C'est finalement le 11 février que Craig Anderson, à son premier départ en 69 jours, a pu reprendre sa place devant le filet. De façon éclatante, en plus : un blanchissage de 3-0 contre les Islanders de New York. Dans le vestiaire des Sénateurs, on tentait seulement de lui redonner un semblant de normalité.

«Je ne voulais pas trop lui parler de la maladie, explique l'attaquant Bobby Ryan. Je lui ai envoyé des textos pour lui dire qu'il pouvait appeler pour parler de tout et de rien. Il était déjà revenu à l'occasion à l'aréna pour patiner un peu, pour s'entraîner de temps à autre. Personne ne le savait, mais il demeurait dans l'entourage, et quand il est revenu pour de bon, nous lui avons laissé une semaine pour se retrouver un peu. Il est revenu au jeu et il a volé un match en partant. C'est là qu'on a compris qu'il était vraiment de retour.»
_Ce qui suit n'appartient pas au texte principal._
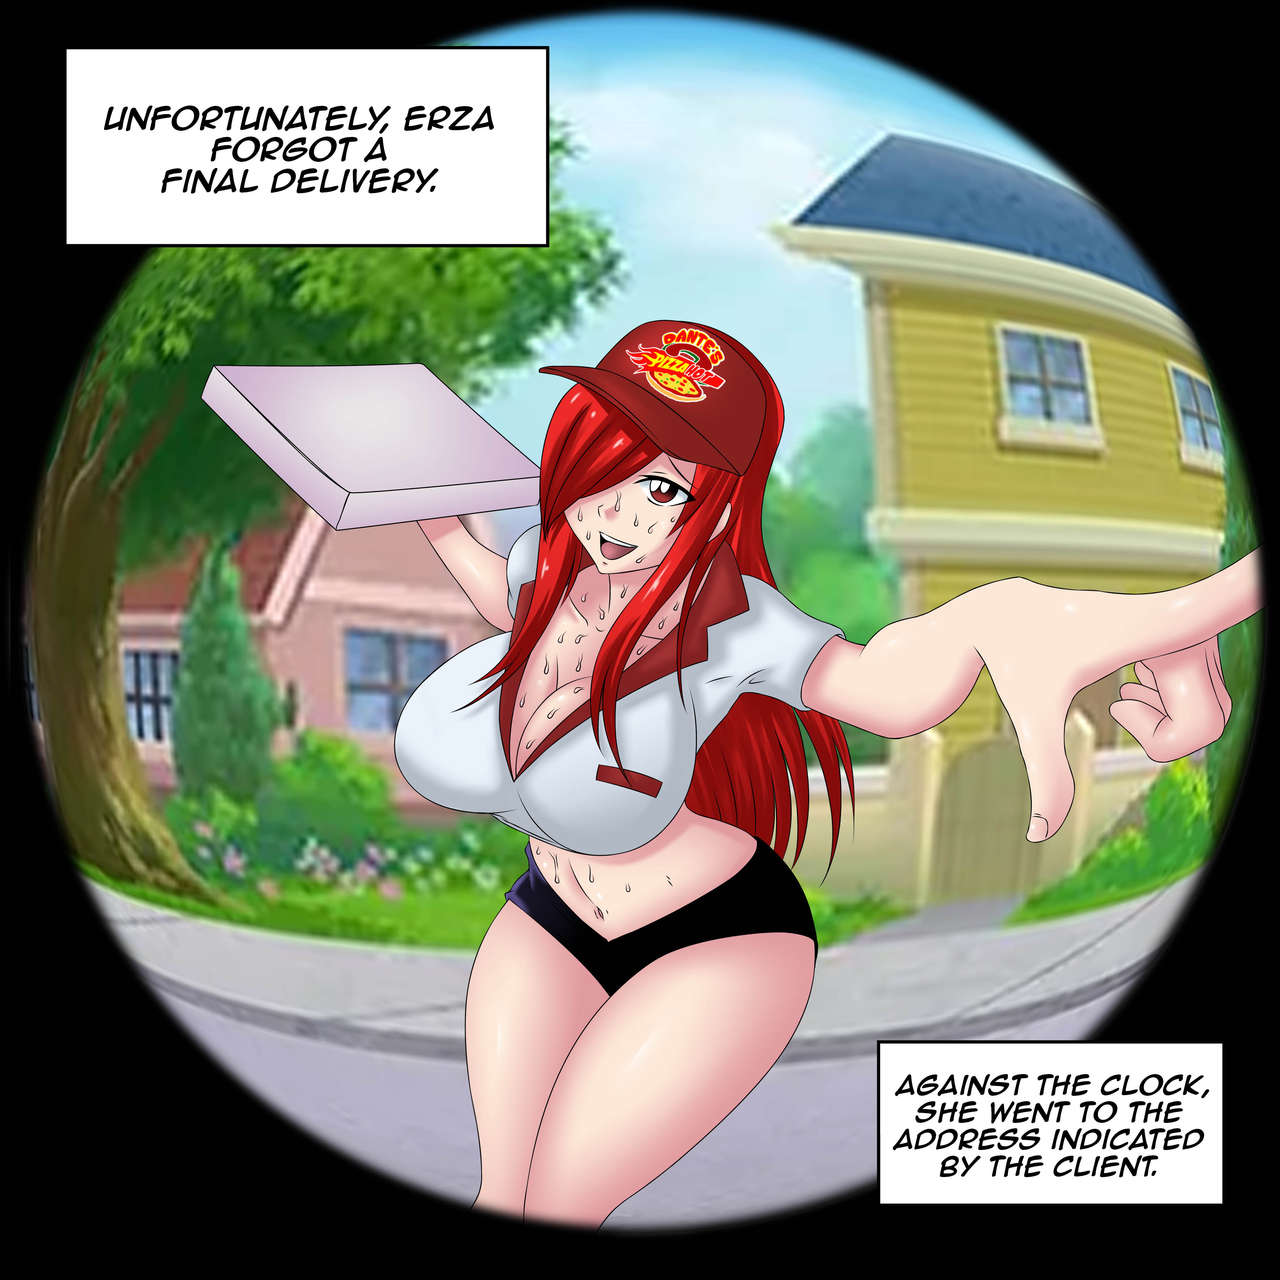 Pizza Delivery Service By Erza Scarlet 07
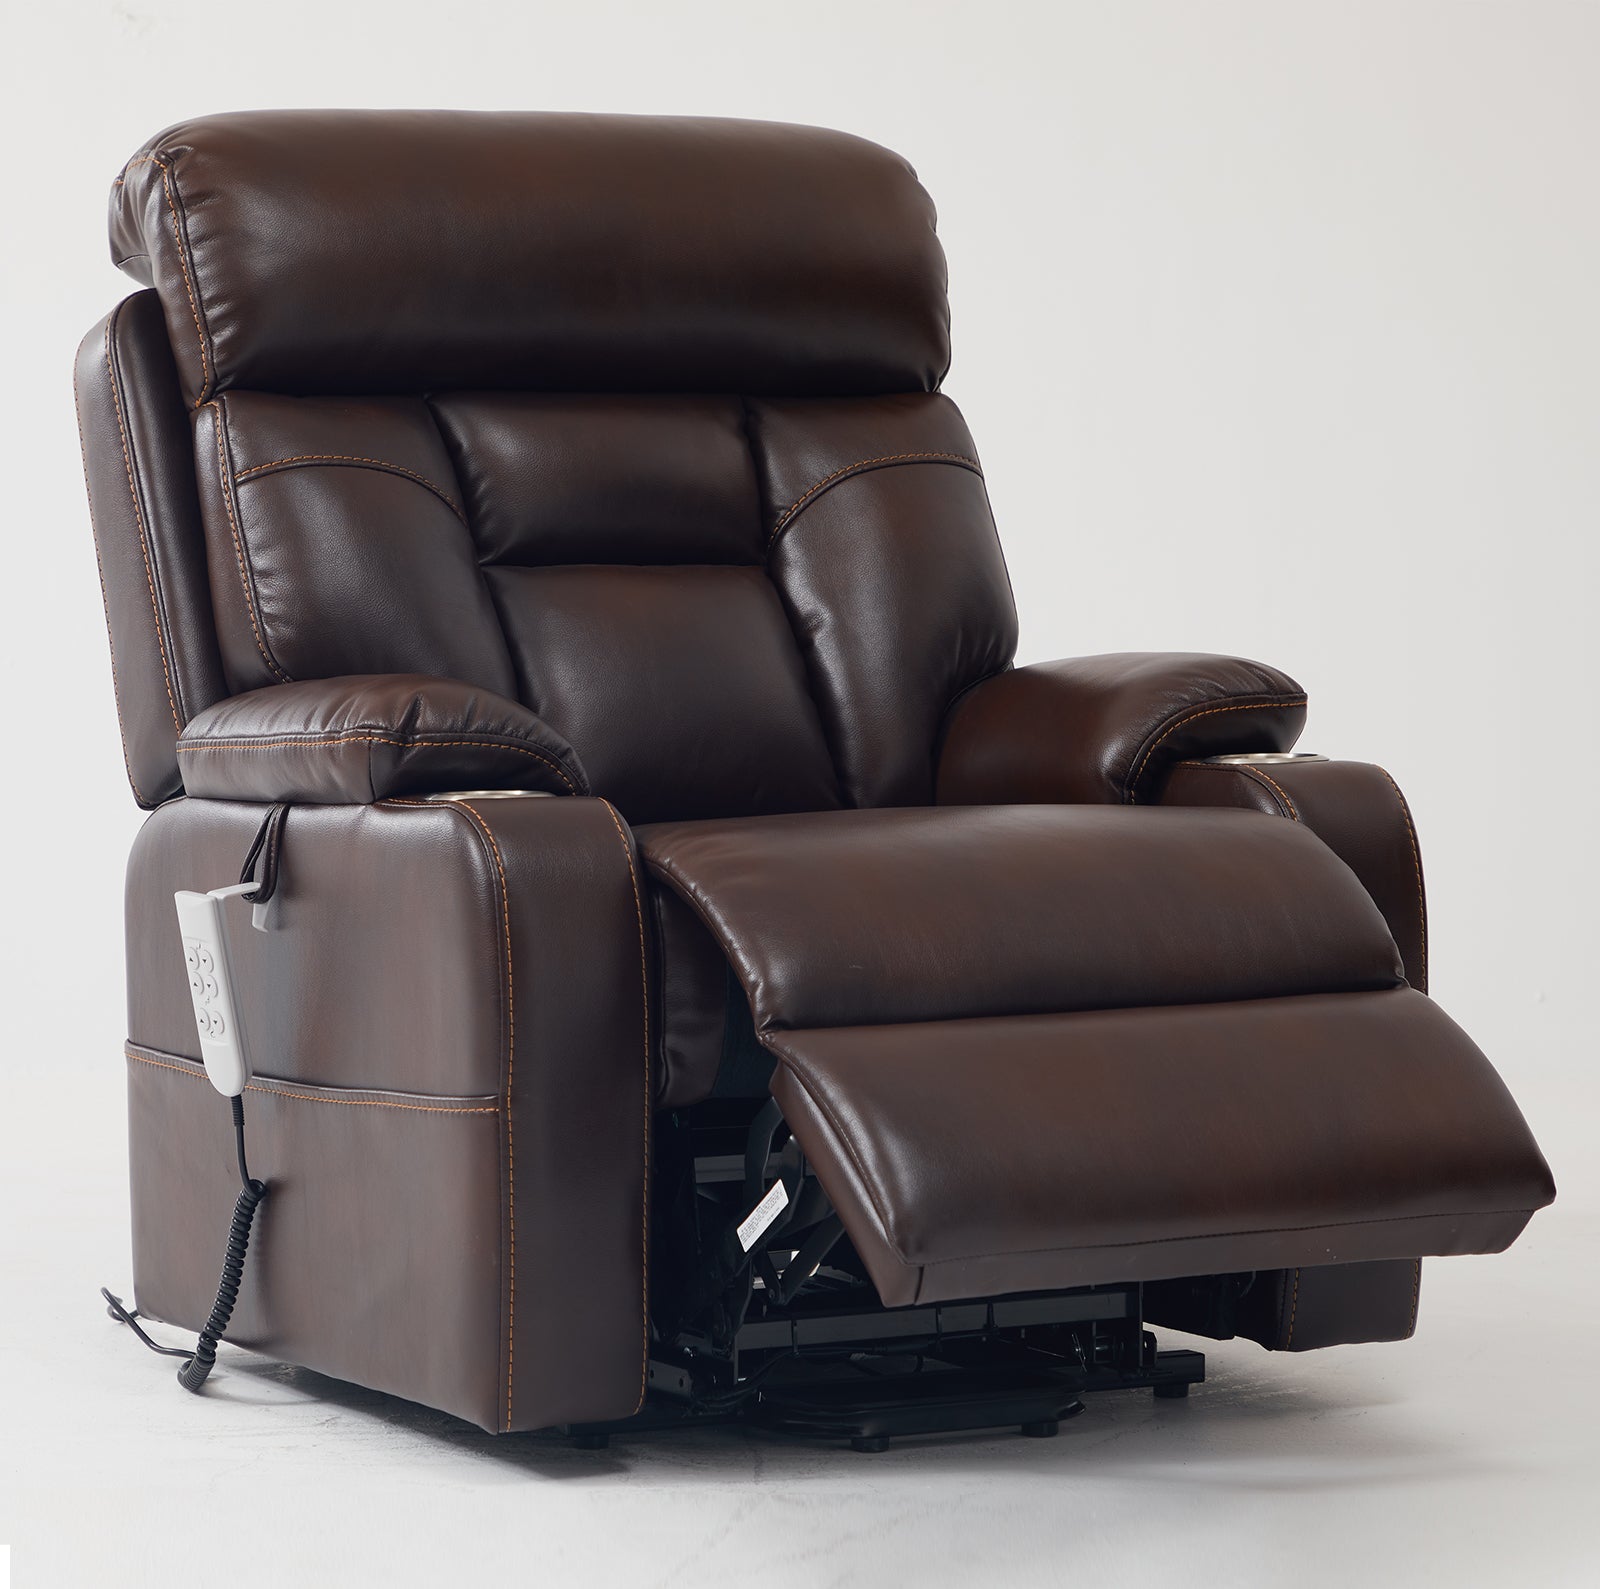 Three Motor Lift Recliner for Elderly With Lumbar Support – Relaxing  Recliners

Mike Condon a lui aussi préféré éviter les discussions un peu trop sérieuses.

«Je voulais lui laisser son espace, raconte-t-il, parce que je suis certain que l'aréna était devenu un genre d'échappatoire pour lui. Je crois qu'il aime venir ici parce que ça lui change les idées.» 

«Il n'a pas changé, son jeu n'a pas changé. Je ne crois pas que ce soit possible de savoir ce qu'il a vécu en le regardant jouer.»

Sans surprise, Craig Anderson a été sélectionné pour l'obtention du trophée Masterton. Maintenant, il n'est plus qu'à deux petites victoires d'une présence en finale de l'Association de l'Est avec les Sénateurs.

De quoi voir le verre à moitié plein...

«J'essayais de rester optimiste cet hiver, au moins en pensant que les choses allaient s'améliorer, a-t-il ajouté. Tout le monde a poussé dans la même direction afin que nous puissions maintenir un semblant de normalité. C'est un peu le résultat de tous les appuis que ma femme et moi avons pu obtenir, des amis, des coéquipiers, de toute l'organisation. Ce qui arrive présentement, c'est une suite de choses qui coïncident, comme si tout tombait en place.»